Did I mention Bill Ward?
Ah yes, well, who has distinguished himself as the only guy – besides wild card Rick, whichever Rick shows up or whatever sage bull he drops on the guys, and how they take it – who is as uncommon and singular as Roger Waters solo, but Bill? Ward One: Along The Way and When The Bough Breaks (don’t ever get me started on Straws”one of the greatest masterpieces at 3:10 ever)… right there you have the samurai way to a Valhalla of a Sabbath record. Who would have thought the butt-of-jokes drummer would be the STEVEN WILSON of Black Sabbath, a quiet ADRIAN BELEW of BEATLES rock perfection? Yet he is. Guys, please listen to me… here’s a drummer making solo albums, and the drums, he couldn’t really care less. I believe he doesn’t even play them all (sorry, point of checking – not checking). Nae, this is about writing like VAN DER GRAAF, recording like QUEEN, feeling like the weight of the world is upon him… sounds very much like Geezer and Black Sabbath circa Sabotage, the greatest album ever made by anybody.
Look, I can tell you about so many bands that have sadly no clue how to write anymore. It’s always a disaster, of second-guessing, of writing to rule, of song doctors, of blustery producers coming in to produce and then co-writing everything.
I worry that there’s a large chunk of that in Tony and in Oz, who’ve just been too tempered into a caricature by the music business.
I think Geezer can be saved, or turned around, if he cares. If he pipes up.
But Bill, he’s the guy in this band that carries within him the magic of 'Air Dance,' 'Breakout', 'Swinging The Chain', 'Gypsy', and all of Sabotage and Sabbath Bloody Sabbath. Bloody ‘ell, I hope he’s listened to, and not just shunted aside as the fourth wheel, the guy who didn’t, you know, have it all together and have a sustained “career.”

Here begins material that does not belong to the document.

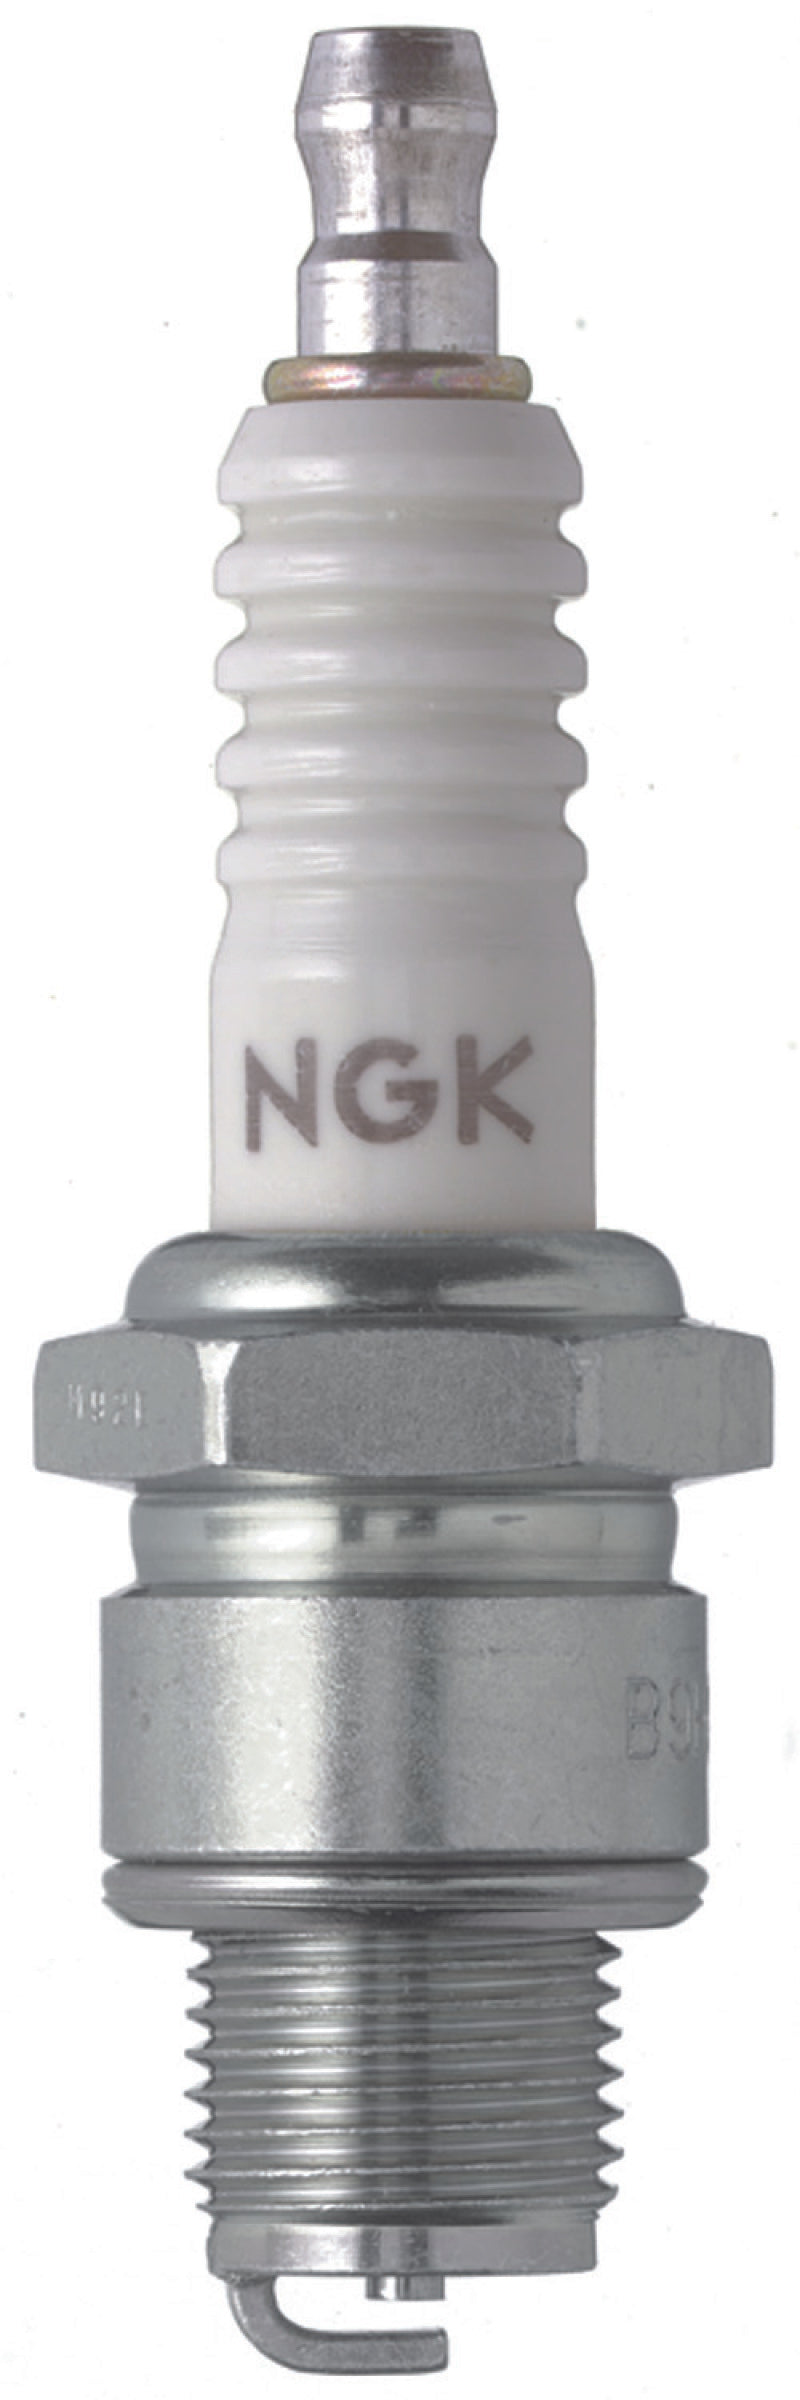 NGK Shop Pack Spark Plug Box of 25 (B7HS-10)

Please, you go now, you listen to 'Straws' or 'Children Killing Children' or 'Growth'… bloody ‘ell, the guy should sing a song on the damn record, or two – what a voice. If he sings three, that’s all the more for people to cluck over. He should be listened to at every turn. Again, that’s IF you don’t want to make a cookie cutter record. You know, bloody AEROSMITH… they can make a pop record right now like Just Push Play, get terrible reviews, embarrass themselves, and sell 300,000 CDs – yes, physical CDs – or they can be heroes and make a kick-ass guitar, bass and drums album full of originals, and sell 300,000 albums, and go to their graves totally loved. Sabbath’s got the same choices but totally different, in that it’s not about pop vs. metal, but Krautrock vs. Hot Topic; it’s about living with yourself and maybe – just maybe – getting that four star review outta Rolling Stone, because you made an Endless Wire. Pete, Jesus Christ, that guy is my hero. Don’t get me started.
OK, I’m done. Recap – what do I think, if you care, and apparently lots of you do… Bill, chief music and lyric writer, along with some singing, spiritual flame of the album, along with Rick Rubin, Geezer, encouraged to be the succinct, dour, space cadet we all love, Tony and Ozzy, just grab on and go along for the ride, do your magic, but be brave and radical enough to know that Bill and Geezer are the Roger Waters of this thing… heh heh, I was going to mention Mike Portnoy and Chris Adler, but no, they ain’t no Bill Ward, whose more of a John Lennon.